TASK TO COMPLETE: Repeat the data that follows exactly, starting at the line with "WOW Arrogance Vintage" and ending at the line with "Butcher BBQ 12oz", and leave out every picture.

EXERCISE MATERIAL:
######

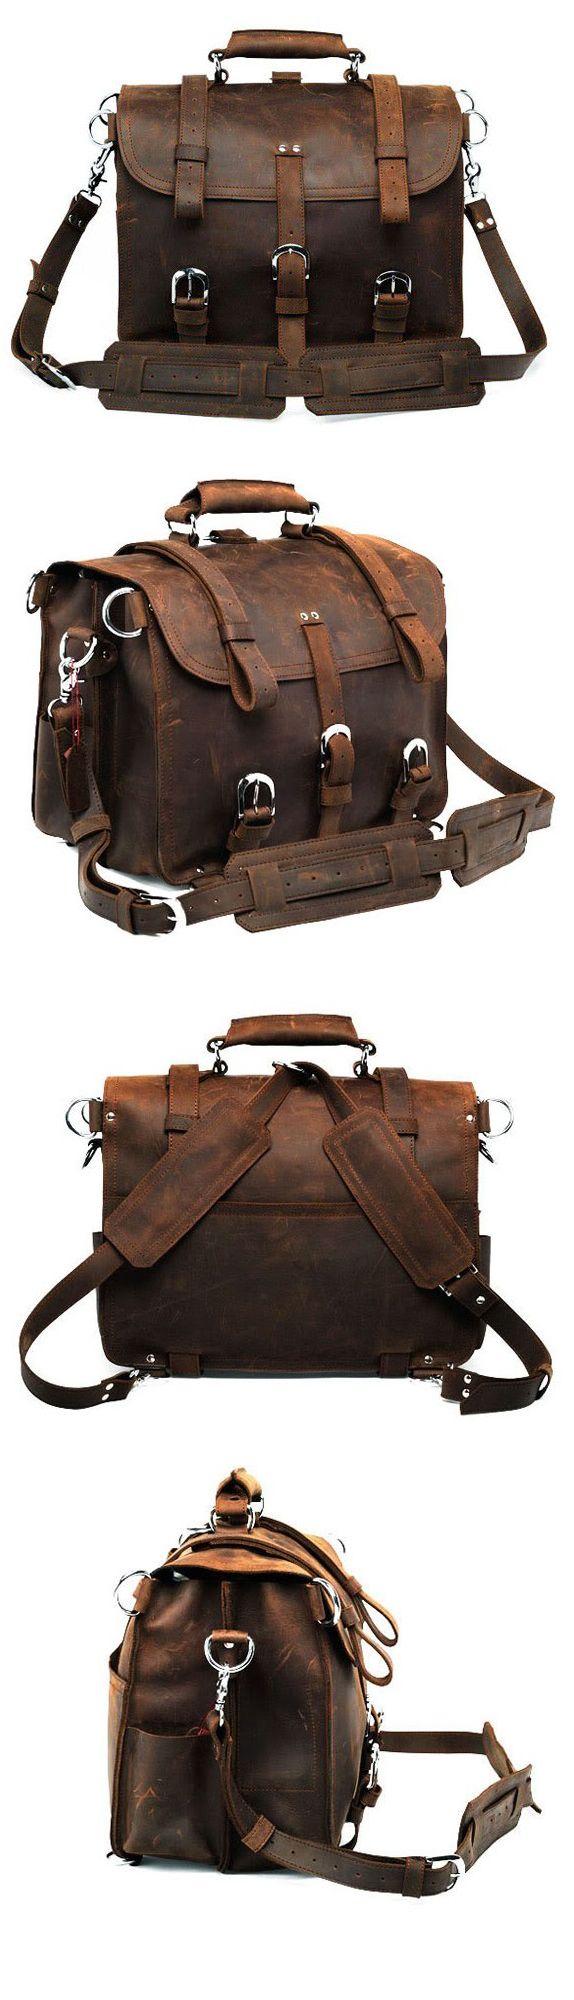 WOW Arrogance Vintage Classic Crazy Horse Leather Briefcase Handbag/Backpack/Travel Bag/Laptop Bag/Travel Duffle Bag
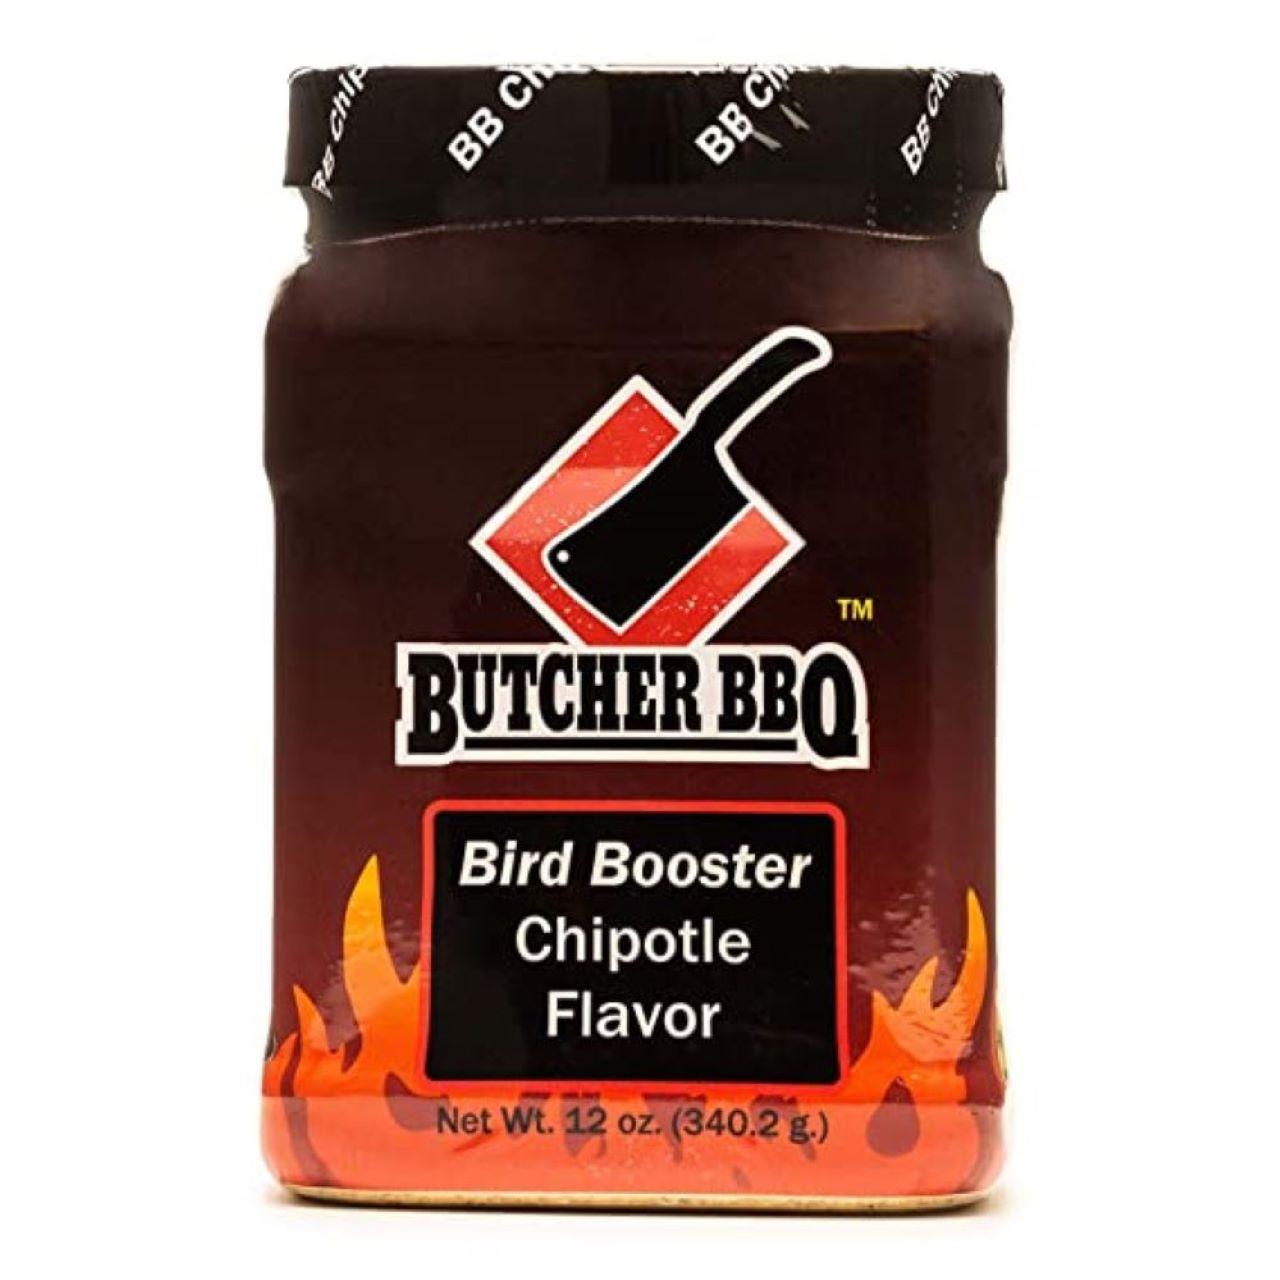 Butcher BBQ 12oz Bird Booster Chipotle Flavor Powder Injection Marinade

######

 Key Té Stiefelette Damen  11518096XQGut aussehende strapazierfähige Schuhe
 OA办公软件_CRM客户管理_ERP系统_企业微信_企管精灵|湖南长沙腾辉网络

######

COMPLETED TASK:
 WOW Arrogance Vintage Classic Crazy Horse Leather Briefcase Handbag/Backpack/Travel Bag/Laptop Bag/Travel Duffle Bag
 Butcher BBQ 12oz Bird Booster Chipotle Flavor Powder Injection Marinade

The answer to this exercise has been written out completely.